Adina VĂLEAN, Commissaire européenne aux Transports

Lundi 24 Janvier 2022

« Il faut simplifier la gouvernance des corridors et des grands projets d’infrastructures de transport »

 

En décembre dernier, la Commission de Bruxelles dévoilait son projet de révision du règlement du Réseau Transeuropéen de Transport (RTE-T). Objectif : accélérer le développement et l’intégration du réseau en recentrant les priorités sur la décarbonation des mobilités. « Il faut simplifier la gouvernance et les grands projets d’infrastructures de transport » indiquait notamment Adina VĂLEAN, la Commissaire aux Transports. Le texte met donc l’accent sur les grandes infrastructures transfrontalières qui mobilisent des méga financements mais dont la bonne réalisation se heurte souvent à des difficultés de coordination entre les pays.
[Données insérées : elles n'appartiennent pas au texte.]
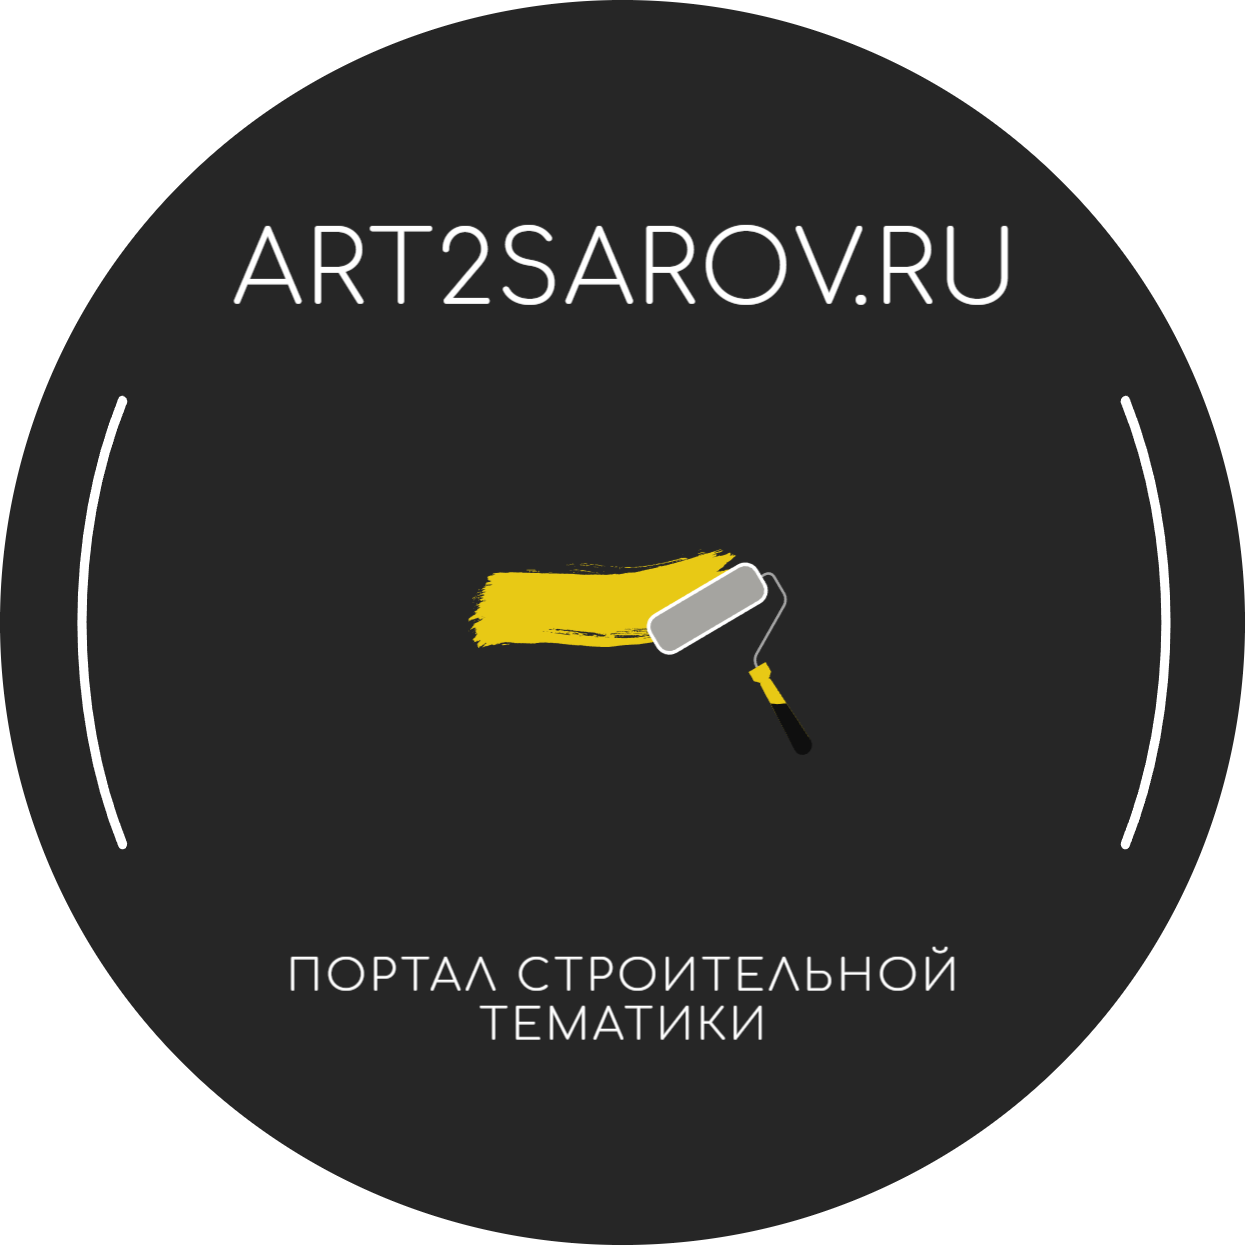 Art2sarov.ru
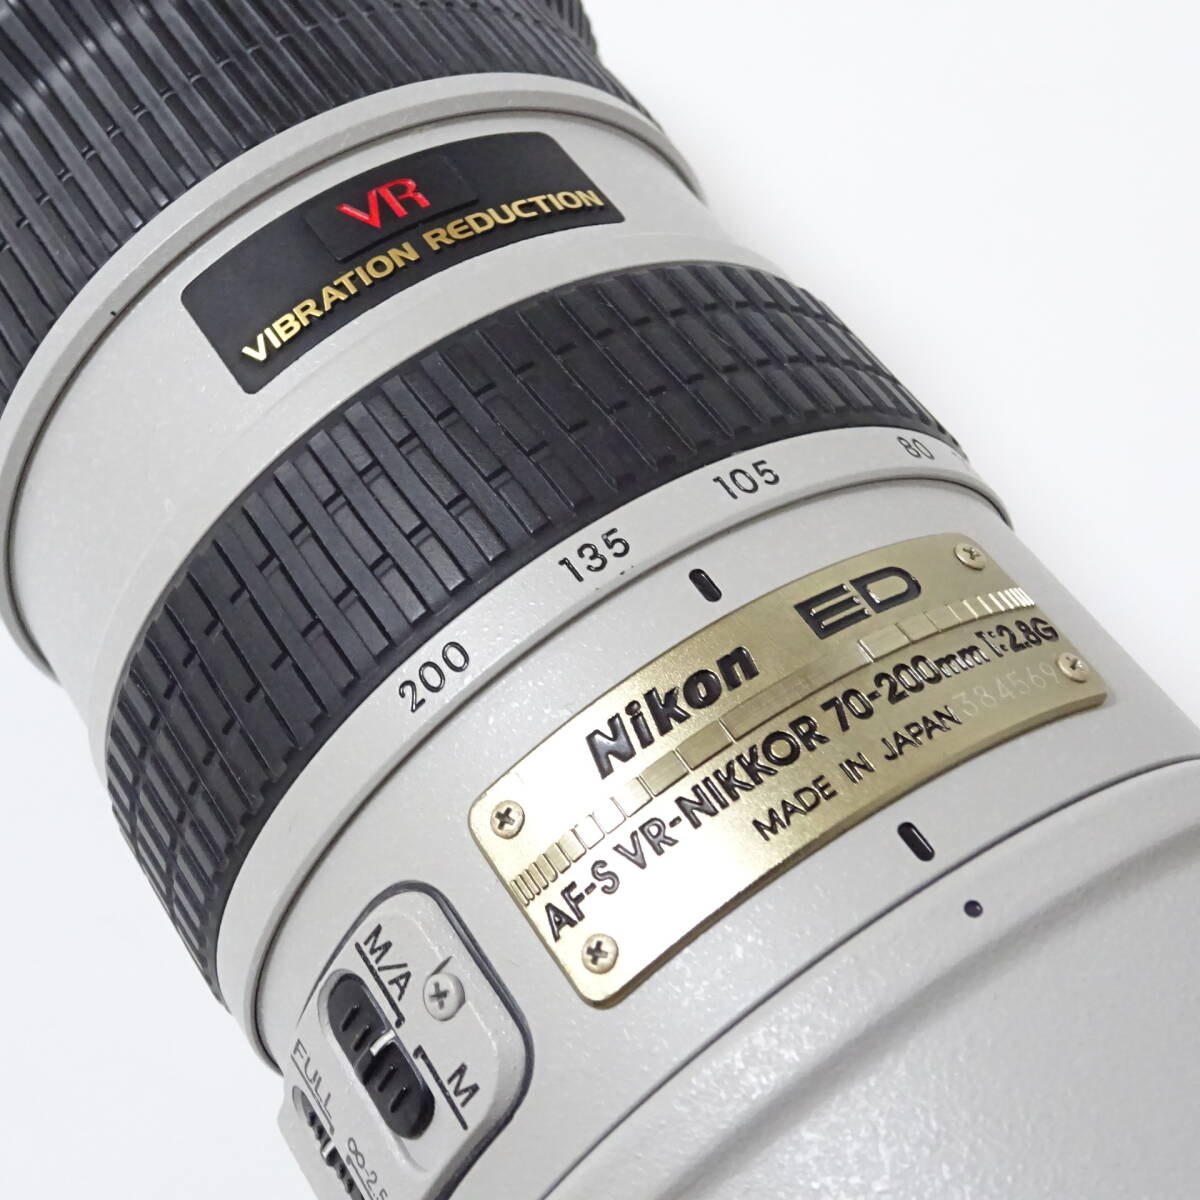  Nikon AF-S NIKKOR 70-200mm 1:2.8 G camera lens Nikon soft case attaching operation not yet verification junk 80 size shipping KK-2654763-84-mrrz

Renforcer la coordination et l’efficacité des investissements transfrontaliers

Lorsque deux pays décident de réaliser une grande infrastructure de transport transfrontalière, ils sollicitent des subventions communautaires sans lesquelles le projet ne pourrait pas voir le jour. Si le projet en question cadre avec les priorités stratégiques européennes (mobilité propre, connexions internationales sur les maillons manquants, création d’emplois et développement économique…), Bruxelles accorde des crédits selon des procédures précises en mobilisant une enveloppe d’environ 35 milliards d’euros tous les six ans.

Mais une fois les subventions validées, la Commission dispose de peu de pouvoirs pour garantir que les projets soient réalisés dans leur complétude selon un planning clair et coordonné. Ainsi, l’UE peut financer massivement la section transfrontalière d’une infrastructure (par exemple le tunnel sous les Alpes du Lyon-Turin) alors que les indispensables voies d’accès nationales de part et d’autre de l’ouvrage restent de la seule volonté des Etats dont les priorités politiques peuvent fluctuer, voire diverger, au fil du temps. D’où de fréquentes dilatations des calendriers qui émoussent l’efficacité des investissements consentis sur la partie transfrontalière de l’infrastructure.

Tiédeur française ?

Afin de renforcer les coordinations transfrontalières, la Commission propose donc dans son projet de révision de règlement du RTE-T plusieurs dispositions lui permettant d'aller au delà de la logique de "guichet" à subventions. Une démarche somme toute assez logique qui pose toutefois l'épineuse question du bon positionnement du curseur entre, d’une part, les pouvoirs de coordination accordés à la Commission et, d’autre part, la latitude laissée aux Etats dans la mise en œuvre de leurs politiques nationales.
Après avoir disséqué le texte de la Commission, la présidence française de l’UE vient d’interroger par écrit les Etats membres en vue de définir une approche commune sur certaines propositions. Dans ce document, les observateurs ont pointé une curieuse tiédeur de la France concernant le renforcement du rôle des coordinateurs européens, le meilleur alignement des plans nationaux d’investissements sur la stratégie européenne ou encore la possibilité pour la Commission d’adopter davantage de procédures contraignantes telles que les actes d’exécution. Un dossier stratégique à suivre de près…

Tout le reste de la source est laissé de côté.